Task T5156 was marked as duplicate of this in 2010 (T5156#74974). However, that task was proposing to allow thead and tbody in wikitext, the same way we also allow <table>, <tr> and <td> already. Thus essentially opt-ing out of our own wikitext syntax.

That proposal was merged into here, where the conversation has mainly revolved around what custom syntax to use. I propose to shelf that in favour of doing what Brion proposed there in 2009 already:

In T5156#74956, @brion wrote:

We could toss thead, tbody, and tfoot into the table whitelist in Sanitizer::removeHTMLtags... to do it right one would need to expend extra effort to ensure nesting is correct, though. (Or else leave it to Tidy...)

And later by others at T26274: Allow Sanitizer to process tbody.

I think a custom syntax might have merit, but there's all sorts of compatibility and usability things to keep in mind there. Either way, we would need to allow it in the Sanitizer, and for use in complex templates we'd want the HTML-like syntax to have feature parity, so I propose to first cut through this and unlock the primitive.
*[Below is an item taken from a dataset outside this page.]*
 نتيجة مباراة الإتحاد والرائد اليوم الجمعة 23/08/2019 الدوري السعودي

Then the conversation about custom syntax can continue at its own pace as an improvement, rather than as a blocker. (possibly on a separate task, or we can unmerge them and re-open T5156 and address that first).

Jdlrobson raised the priority of this task from Low to Medium.Oct 26 2022, 8:14 PM
Jdlrobson added a subscriber: Jdlrobson.

Hi @cscott this is now causing some issues in desktop improvements as certain articles use sticky positioning for th rows (more background in T289817#8225410). Vector would like to offet the thead instead. How can we make using thead in templates possible?
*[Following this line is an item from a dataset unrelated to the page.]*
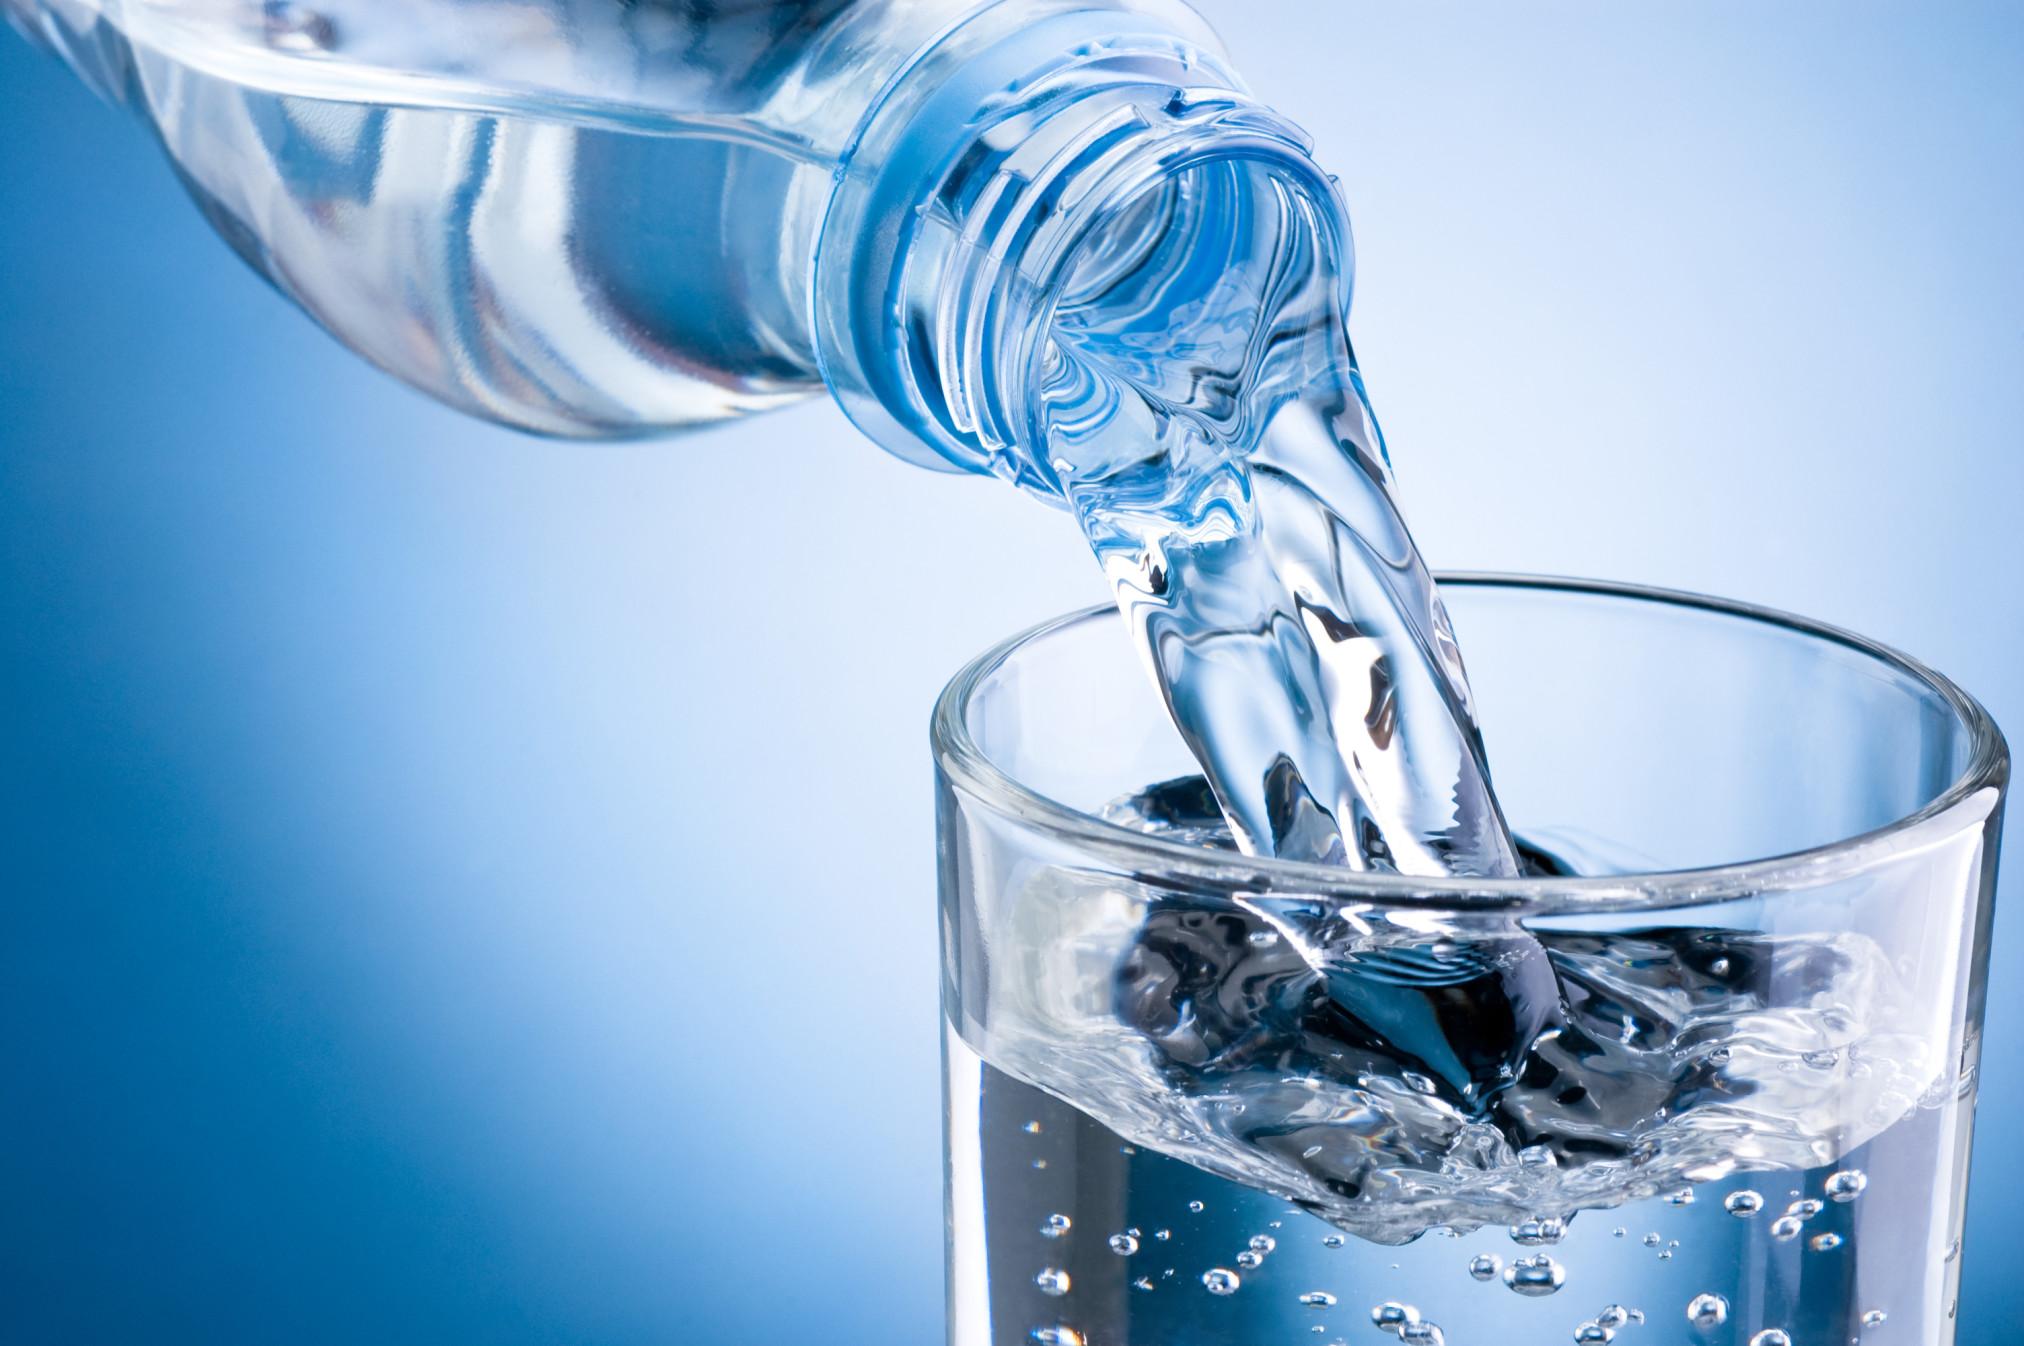 صورة هل تعلم عن الماء , معلومات مهمة عن الماء

We cannot make syntax changes right now. We should probably have a conversation to see how we can move this forward. @JMcLeod_WMF, can you please handle this?
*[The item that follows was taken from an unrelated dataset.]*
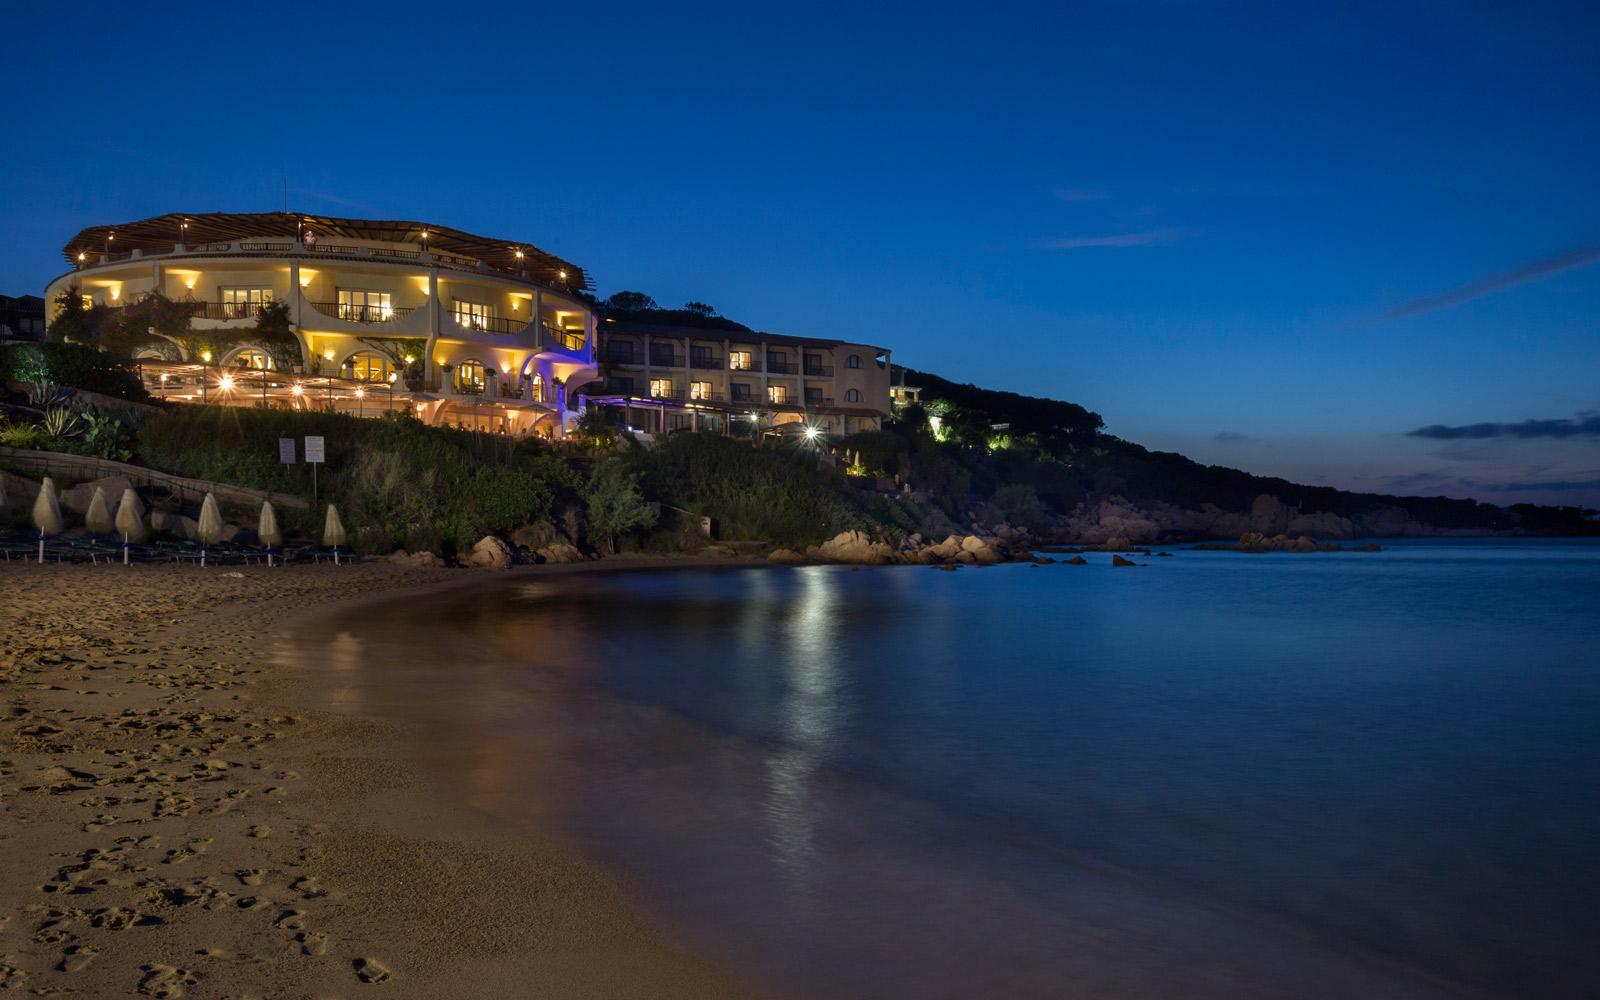 Beach at Night - Club Hotel

In T6740#90295, @cscott wrote:

A related use case: allows Parsoid to handle arbitrary table markup in WTS phase.

Although my proposal (for the record) would be *not* to add new pipes-and-punctuation markup for <thead> <tfoot> etc, but instead to just allow them to be generated by literal HTML embedded in wikitext, eg https://en.wikipedia.org/wiki/Help:Table#Other_table_syntax

Once your table is sufficiently complicated, it's probably best to use literal HTML, IMO. But we still need to permit thead/tfoot/colgroup etc in literal HTML within wikitext.

Re-upping my suggestion from 8 years ago.

And in an effort to scope this task, the desktop refresh work AFAICT *only* wants to be able to put the <TH> cells inside a <THEAD>. This could be a stop gap hack eg in the sanitizer ( look for table first row containing only TH, wrap it in THEAD), we don't necessarily need to boil the ocean all at once.

Technically, I think they'd want what tablesorter does. Find the first TR rows that only contain headercells and put those rows inside thead.
https://github.com/wikimedia/mediawiki/blob/master/resources/src/jquery.tablesorter/jquery.tablesorter.js#L277

@cscott, @ssastry and myself met to talk about this. We agree this is a missing feature in wikitext syntax and want to put this on the parser roadmap.

Fixing this in the legacy parser is likely to be risky and we don't think theres a quick solution here, right now.
For the sticky header bug, I'll create a new ticket referencing this one to explore short term workarounds.